As aulas deviam ser todas assim. Não dá sono. A gente trabalha o dia todo, aí vem pra cá e ficar só sentado, é complicado. Se não tiver força de vontade, num vai não (Eliana - aluna da EJA).

Acho que a escola tinha que fazer mais palestras, sabe. Pra conscientizar todos os alunos sobre a questão da água (Sueli: aluna da EJA)

Eu acho que tinha que tirar, pelo menos uns 10 minutos das aulas de dois professor pra discutir essas questões aí (Rogério-morador do Bis e aluno da comunidade)

A interação durante os encontros, tanto na comunidade, quanto no cotidiano escolar, permitiu- me presenciar, sentir e vivenciar, junto com os professores, principalmente a de inglês e alunos, moradores, diretor, pedagogo, merendeira, uma trama existencial que facilitou provocou uma intensa transformação cognitiva, potencializadora de novos saberes e fazeres. Tanto que posso dizer que todos os envolvidos saíram afetados dos encontros realizados. Assim, acreditamos que ainda há enraizada uma espécie de prática educativa, que ainda se nutre no paradigma mecanicista e antropocêntrico e possibilita uma disjunção do saber, tornando-o fragmentário, excludente e reduzido diante de uma imensa rede de relações complexas presentes em nosso cotidiano, como observamos na narrativa, já aqui citada, do professor de Geografia em transmitir conhecimentos que dizem respeito, apenas à sua disciplina, desconsiderando debates que surgem no decorrer da aula.

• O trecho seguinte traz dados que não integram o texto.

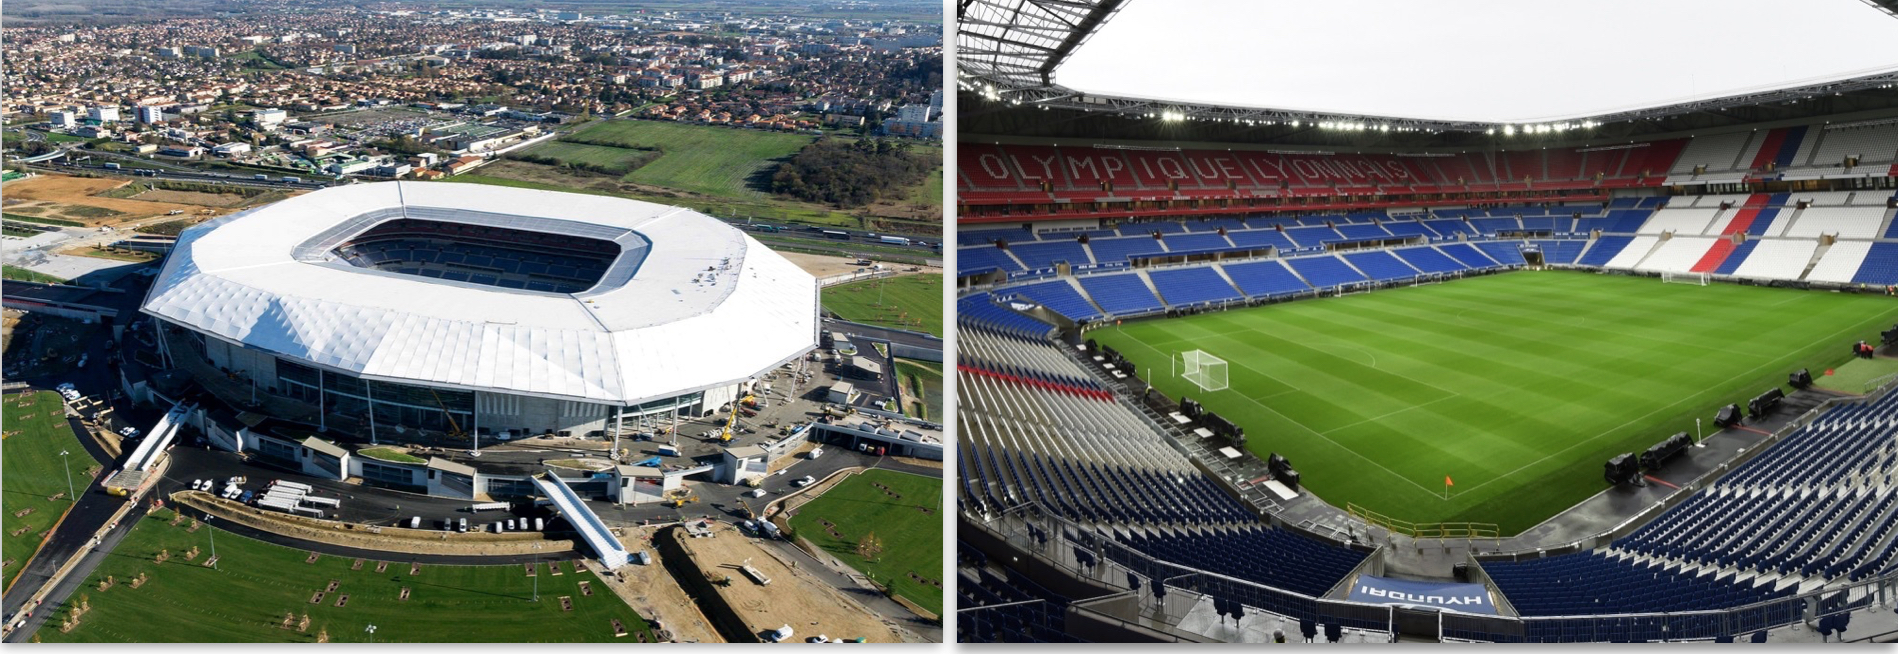 Der Parc Olympique Lyonnais, auch bekannt als Stade de Lumières, ist in Décines-Charpieu, einer östlich gelegenen Nachbargemeinde der Stadt Lyon Anfang 2016 eröffnet worden.

Portanto, cremos na conexão de homem/natureza/cultura. Para assim podermos expressar e compartilhar vivências, o cuidado de si, tecendo novos saberes e fazeres que potencializam a Educação Ambiental nos mais diversos espaços de convivência, em um movimento dentro- fora da escola, contextualizando o saber não só global mas também local, respeitando o conhecimento tanto popular, quanto científico, buscando sempre tecer a complexidade desse saber em todos os espaços de convivência. Mesmo diante de uma crise paradigmática, lidar com a globalização e com a incerteza é o que nos move para a ação em busca de uma esperança utópica e transformadora de tantos saberes e fazeres.